→ **Task details**:
What you return should match the listing exactly, minus its images.

(Recorded information Opens)

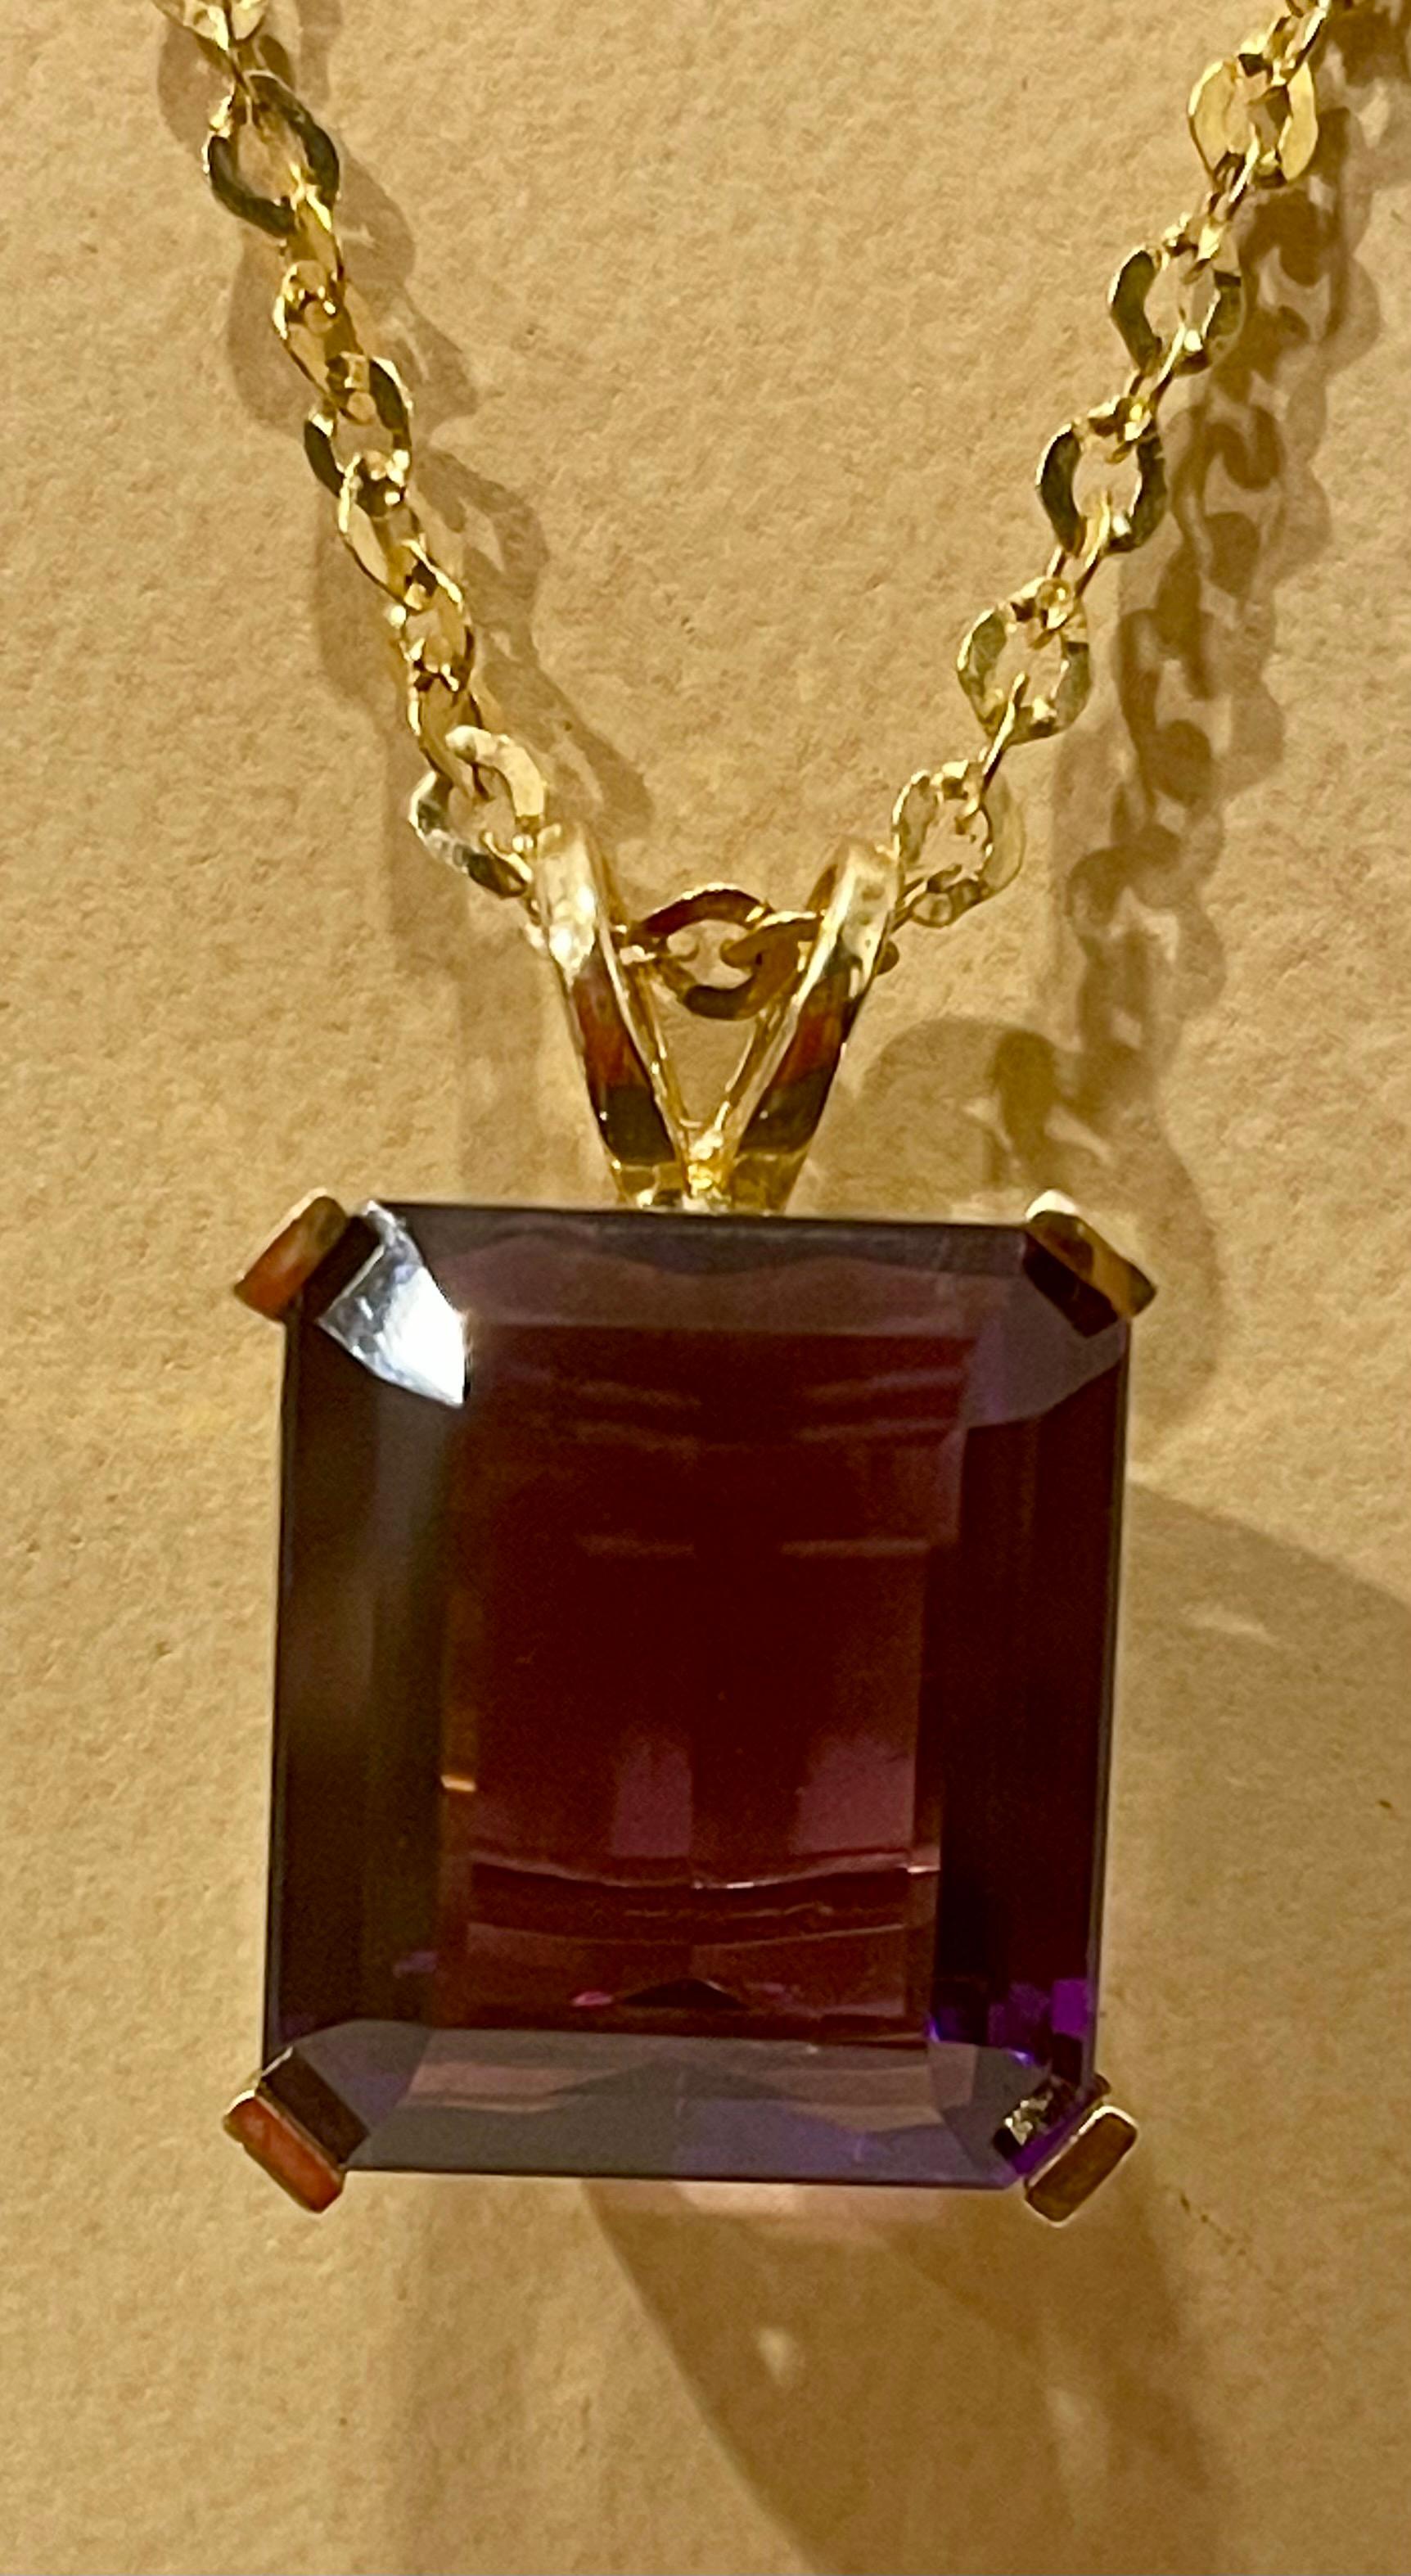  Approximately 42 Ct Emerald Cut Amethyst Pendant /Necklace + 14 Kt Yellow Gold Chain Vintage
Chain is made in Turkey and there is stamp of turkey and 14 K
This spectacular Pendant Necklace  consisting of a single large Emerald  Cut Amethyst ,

(Recorded information Closes)

→ **Exercise result**:
  Approximately 42 Ct Emerald Cut Amethyst Pendant /Necklace + 14 Kt Yellow Gold Chain Vintage
Chain is made in Turkey and there is stamp of turkey and 14 K
This spectacular Pendant Necklace  consisting of a single large Emerald  Cut Amethyst ,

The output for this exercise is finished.